Même s'il s'agit d'une coutume assez ancienne, l'enterrement de vie de garçon connait un développement important ces dernières années, et le cinéma ne pouvait pas rester insensible à tout ce que ce rite transgressif peut apporter de dérapages tragico-comiques, de "Very Bad Things" à "Sideways" en passant par "Ivresse et conséquences". Comme le Spring Break, cette semaine de teuf orgiaque au Mexique des étudiants américains, l'enterrement de vie de garçon fait partie de ces coutumes que l'Amérique puritaine autorise afin de mieux permettre le retour à la normalité sociale.
Cette normalité nous est annoncée dès les premiers plans, avec traveling sur les préparatifs du mariage : pièce montée, robe ivoire, livraison de fleurs et alignement de chaises blanches devant la tonnelle. Pourtant, le gène de l'entropie apparaît très vite avec le personnage d'Alan, le beauf simplet dont Doug dit qu'"il a un bon fond" alors qu'à l'arrière-plan celui-ci menace un retraité en beuglant "Ca ne me dérange pas de cogner un vieux !"
C'est effectivement par lui que le déraillement arrive, nous amenant au réveil des trois potes du futur mari dans une suite à 4 200 $ dévastée comme après le passage d'un rock star, jonchée de cadavres de bouteilles et peuplée d'une poule (le gallinacée, la dernière strip-teaseuse s'étant esquivée juste avant) et plus inquiétant, d'un tigre dans la salle de bains.
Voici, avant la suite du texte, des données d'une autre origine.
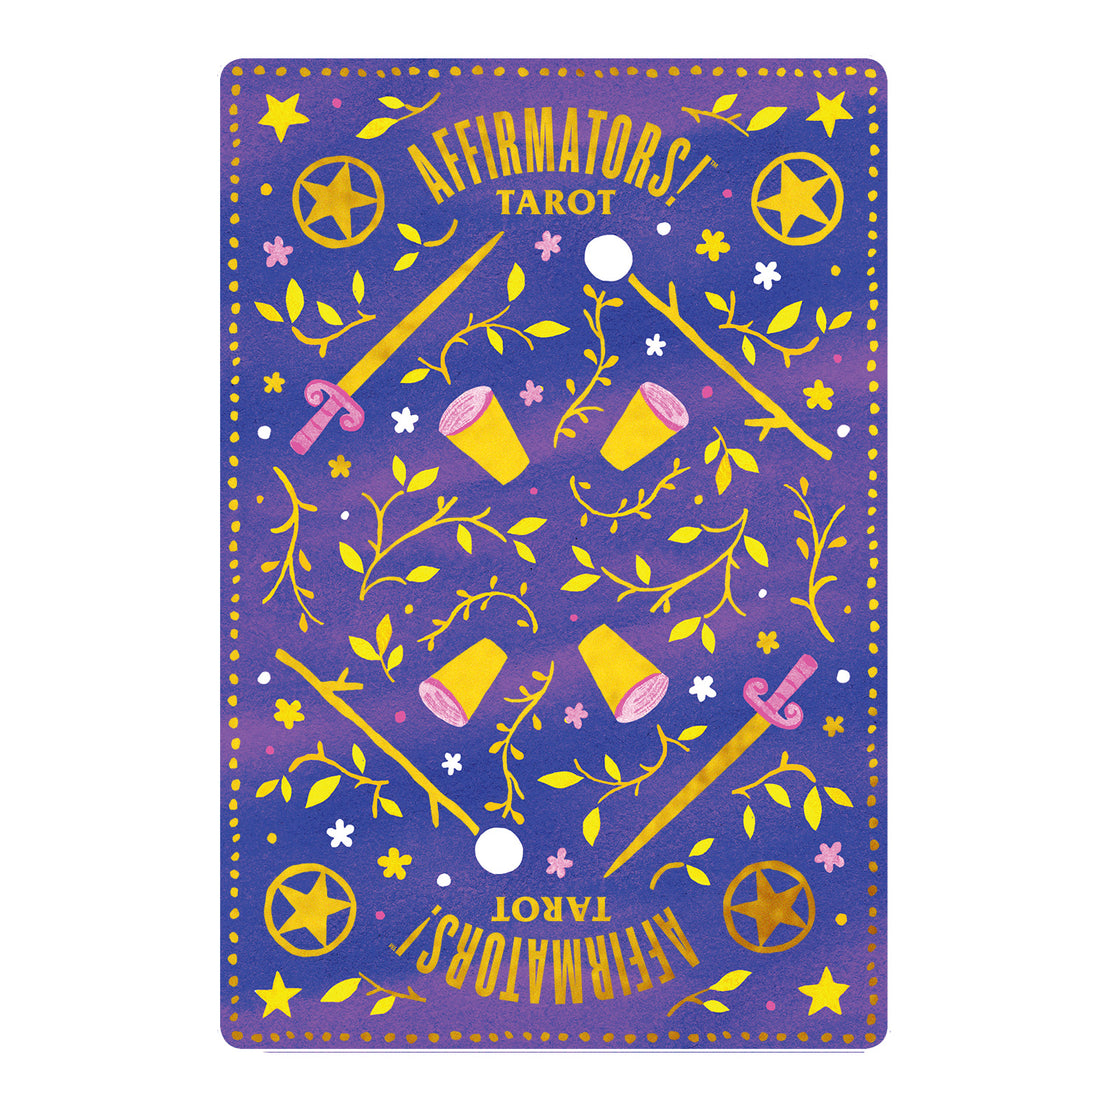 Affirmators! Tarot Card Deck

Accessoirement, Stu a perdu une dent et les trois copains le héros de la fête.
La recherche de Doug va se superposer à la découverte des dégâts collatéraux de la nuit d'amnésie, avec pêle-mêle la salle des urgences, la chapelle de mariage express, une démonstration du taser par des policiers sadiques devant des écoliers en visite pédagogique, un remake de "Rain Man", et en guest star, Mike Tyson dans le rôle de Mike Tyson.
Par le côté gentiment frappadingue de quelques situations à la limite du politiquement incorrect (le prof qui finance sa beuverie avec l'argent des sorties scolaires ou le crooner chantant une chanson paillarde au mariage), ainsi que par le rôle central joué par les véhicules allemands, "Very Bad Trip" (encore une étrange traduction "française" de "The Hangover") fait parfois penser à "Little Miss Sunshine". Regrettons simplement qu'à l'inverse du film de Jonathan Dayton et Valerie Faris, celui de Todd Philipps n'aille pas jusqu'au bout de son iconoclastie, et au contraire, s'achève par un happy end qui institutionnalise la fin la transgression et le retour à la norme.
Néanmoins, la logique de l'absurde et l'avalanche de catastrophes rythment efficacement cette comédie potache, et on rit très souvent même si parfois le rire se coince devant l'indubitable manque de finesse de certaines scènes (Alan et le bébé, le personnage de Chow). Film bienvenu pour la Fête du Cinéma, "Very Bad Trip" réussira sans doute à plaire à la fois aux amateurs d'"American Pie" et à ceux de "Little Miss Sunshine" ou de "Juno", et c'est déjà pas mal.